In the blastic phase, 20% or more of these cells are blast cells. This is the most advanced and aggressive phase of the disease. It usually means the cells have spread beyond the bone marrow to other tissues and organs. Patients often have symptoms of fever, weight loss and decreased appetite.

Treatment

Many patients with CML in the chronic phase receive treatment with a targeted therapy drug known as imatinib mesylate (trade name Gleevec) as the standard first treatment. This drug has revolutionized therapy for CML.

The Philadelphia chromosome in CML patients creates an abnormal gene called Bcr/Abl that stimulates the overproduction of tyrosine kinase and blast cells. Imatinib is a tyrosine kinase inhibitor that blocks the tyrosine kinase enzyme (protein) from signaling bone marrow to make too many blast cells.

A large clinical trial begun in 2000 compared the response rates among chronic-phase CML patients to imatinib with the response rates to the best standard chemotherapy treatment given at the time (interferon plus cytarabine). The study found that the response rates were much higher in the patients who received imatinib and that these patients had fewer side effects. A five-year update of this trial published in 2006 reported that most patients given imatinib continued to have good results.

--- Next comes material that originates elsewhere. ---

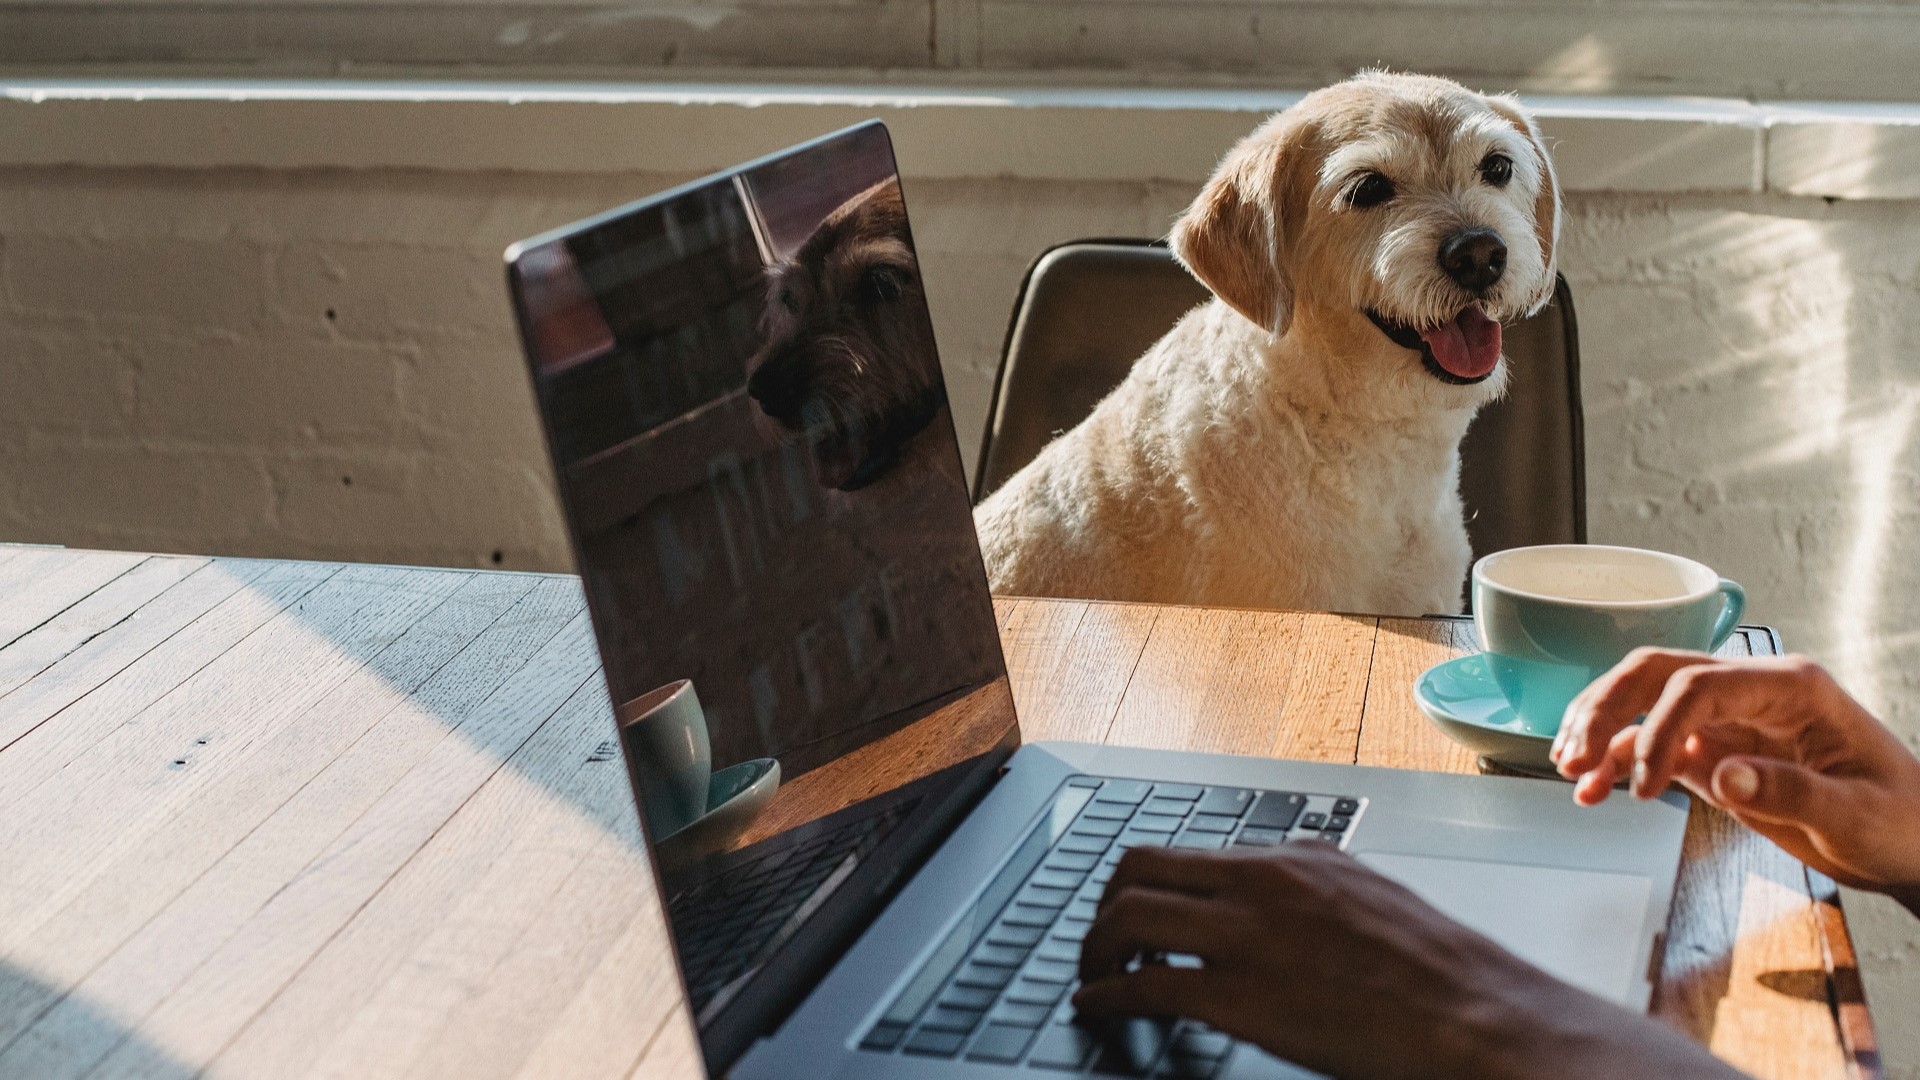 Kuvituskuva, jossa etätöitä tekevän tietokone ja koira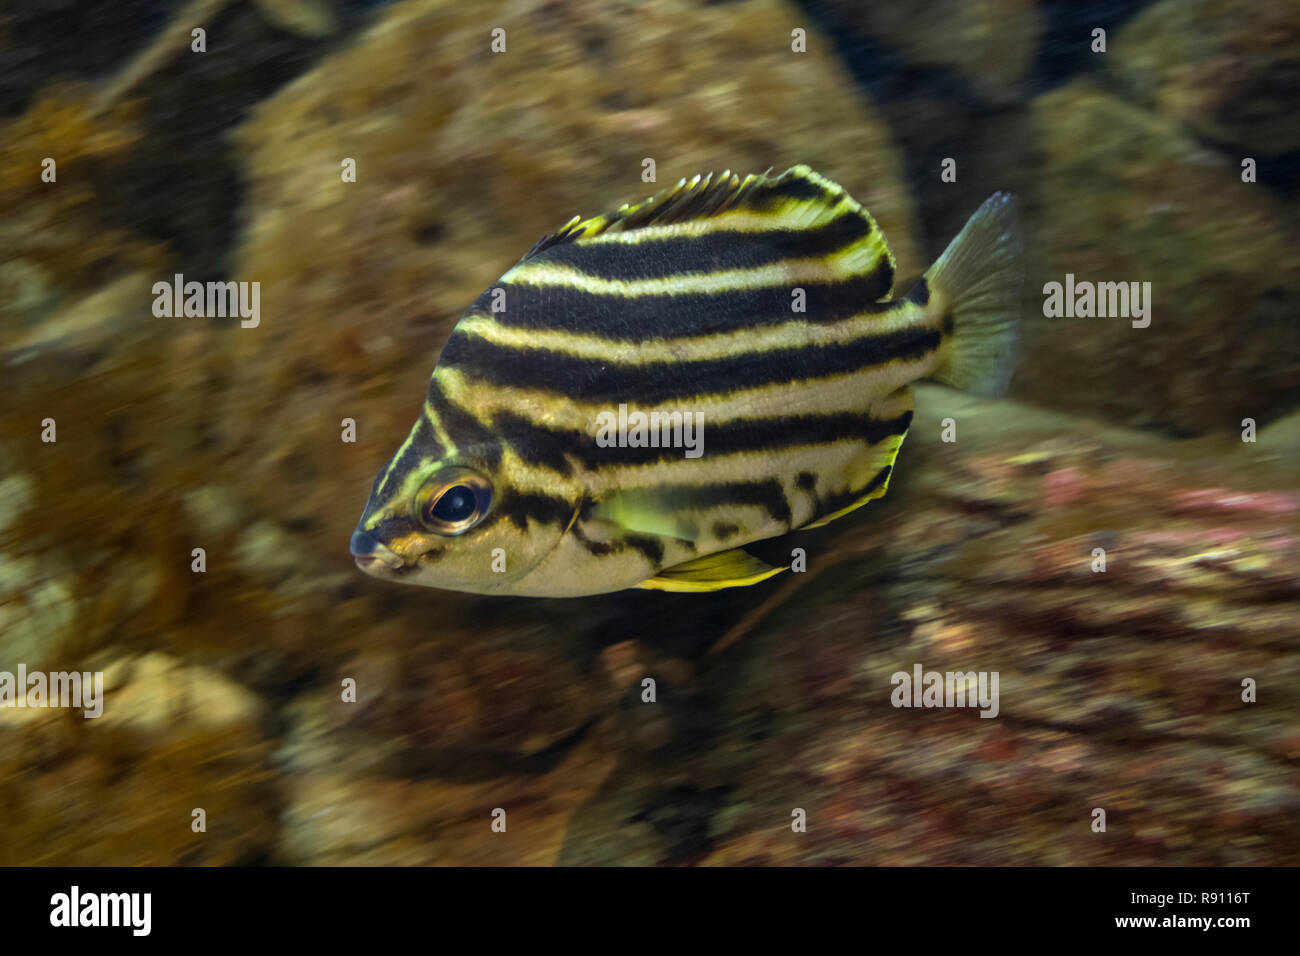 Natation Stripey tropical dans un aquarium underwater Banque D'Images

In June 2010, the U.S. Food and Drug Administration approved nilotinib (Tasigna), a second generation tyrosine kinase inhibitor, for the first-line treatment of adult patients with newly diagnosed Philadelphia-positive CML in the chronic phase, providing patients with an option to imatinib for the initial treatment of CML. Like imatinib, nilotinib targets the Bcr/Abl gene.

In October 2010, the Food and Drug Administration also approved another second-generation tyrosine kinase inhibitor, dasatinib (Sprycel), for the treatment of newly diagnosed CML patients in the chronic phase. The FDA approval of both of these newer drugs was based on phase 3 clinical trials comparing dasatinib or nilotinib therapy with treatment by imatinib. In both trials, patients who received one of the newer drugs had higher rates of complete cytogenetic response, meaning a complete disappearance of cells that contain the Philadelphia chromosome.

Both drugs-which were previously approved by the FDA to treat CML that no longer responds to or is resistant to imatinib-are more potent than imatinib. In addition, fewer mutations in the Bcr/Abl gene appear capable of conferring resistance to these drugs than to imatinib.

Although one of the two clinical studies of these drugs showed statistically significant decreased rates of progression to the accelerated or blastic phase of CML, which may ultimately translate into improved survival, the follow-up period with nilotinib and dasatinib has not been long enough to detect and confirm this prolonged survival with these agents. The preferred initial treatment for newly diagnosed patients with chronic-phase CML could now be any one of these tyrosine kinase inhibitors.

Treatment options for CML patients in the accelerated phase of the disease include bone marrow transplantation, imatinib, interferon-alpha and high-dose cytarabine. Options for blase'-phase therapy include imatinib and chemotherapy.